McChrystal outlined some of the basics of the new strategy last week in a seven-page counterinsurgency guidance document.
“We will not win simply by killing insurgents,” he wrote. “We will help the Afghan people win by securing them, by protecting them from intimidation, violence and abuse.”
The military must “communicate -- through word and deed” that NATO and Afghan forces can protect the people, he said.
An early step in the new strategy was addressing civilian casualties. McChrystal issued a directive in early July that appears to have helped markedly reduce the number of Afghan civilians that military officials say have been killed in U.S. bombings.
Top military officials in Afghanistan argue that the current goal of 135,000 Afghan army members should be doubled.
McChrystal has said that training could be hastened by improving the partnerships between Afghan units and international combat forces.
American and NATO combat units do not always operate in the same areas as Afghan units. Military commanders said they want to position the units in closer proximity so they can regularly work together.

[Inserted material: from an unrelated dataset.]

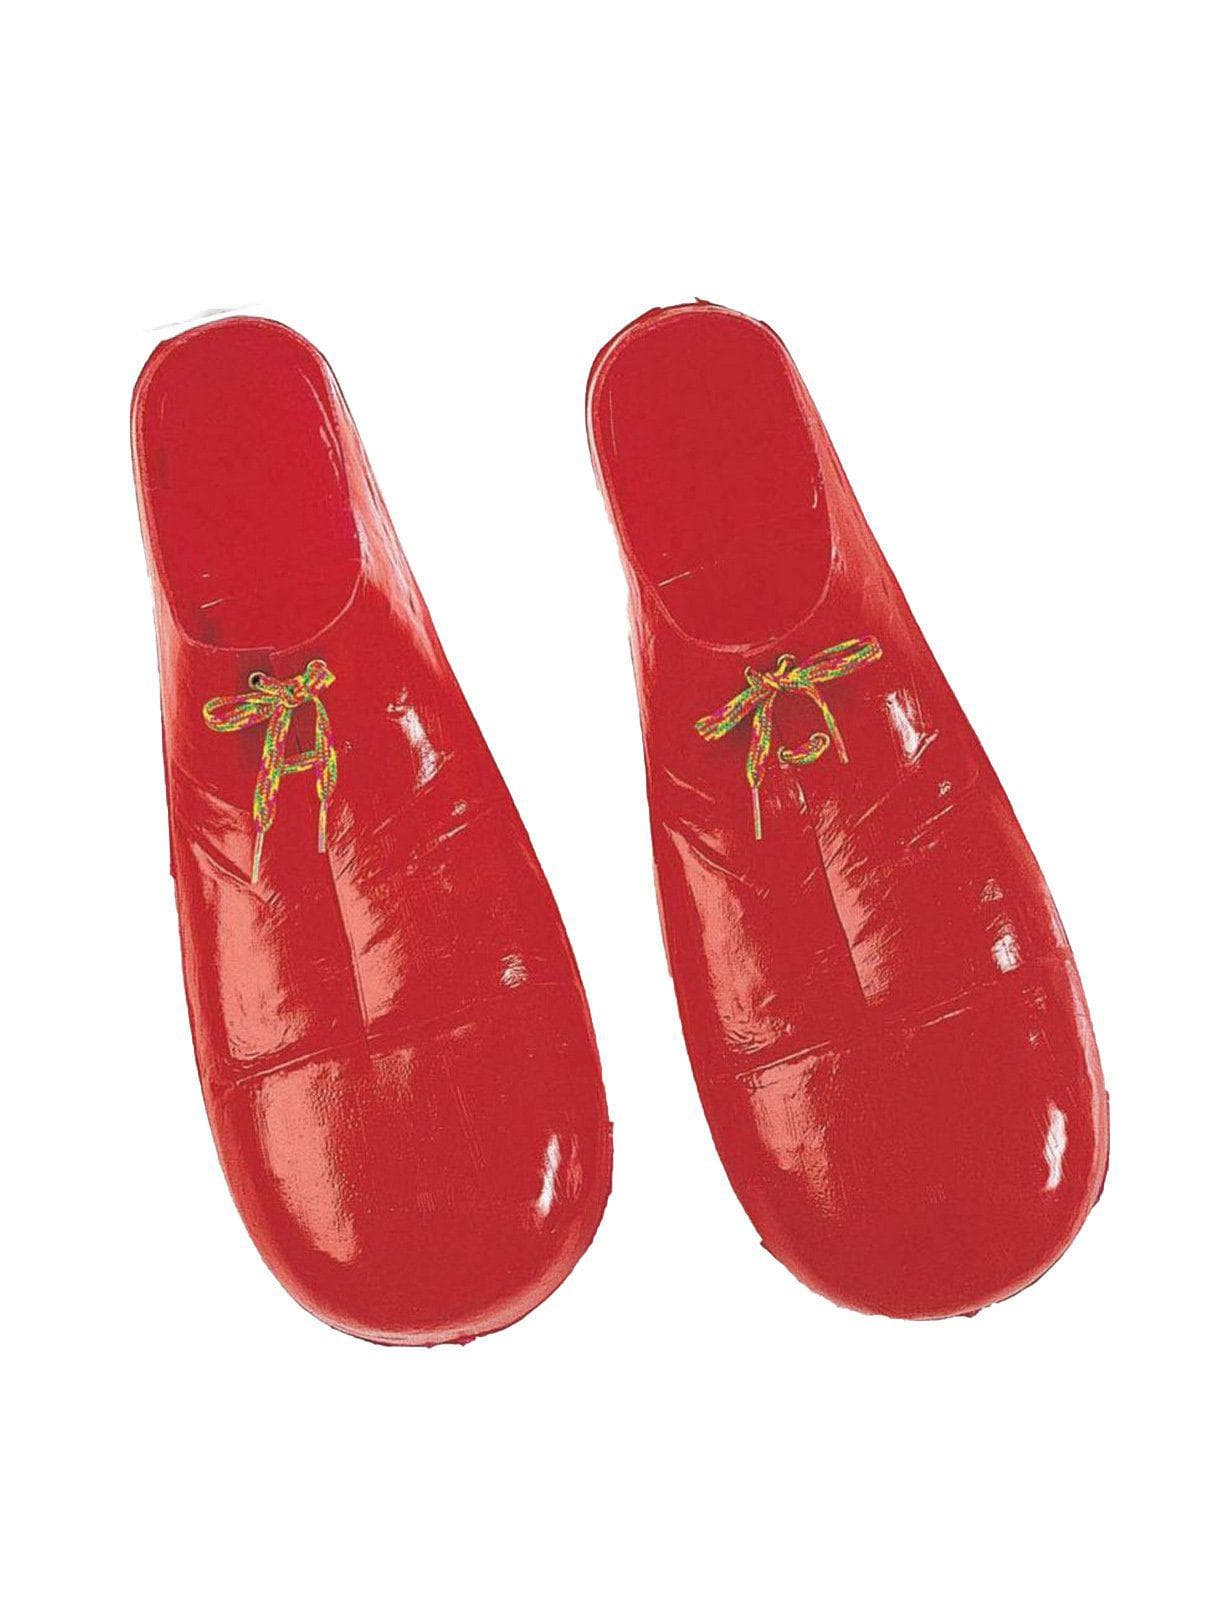 Red Child Clown Shoes - costumes.com

“We have to think our way through this problem,” McChrystal said in July. “It is not going to be solved by brute force.”
The command in Afghanistan also is overhauling the way it collects and uses intelligence.
Before McChrystal arrived, the military spread its intelligence capabilities evenly around the country.
Under McChrystal and his intelligence chief, Maj. Gen. Michael T. Flynn, the military is concentrating intelligence officers in crucial areas, following key targets for long periods of time.
The military is also creating “fusion centers” around the country to ensure military units have quick access to new intelligence. At the centers, commanders and intelligence officers work closely together to plan military operations based on the latest information.
Moyar, who wrote a book on counterinsurgency called “A Question of Command,” cautioned that pushing to expand the forces too quickly could produce inexperienced officers and poorly led troops.
“We need to be very cautious on how we expand the Afghan security forces,” Moyar said.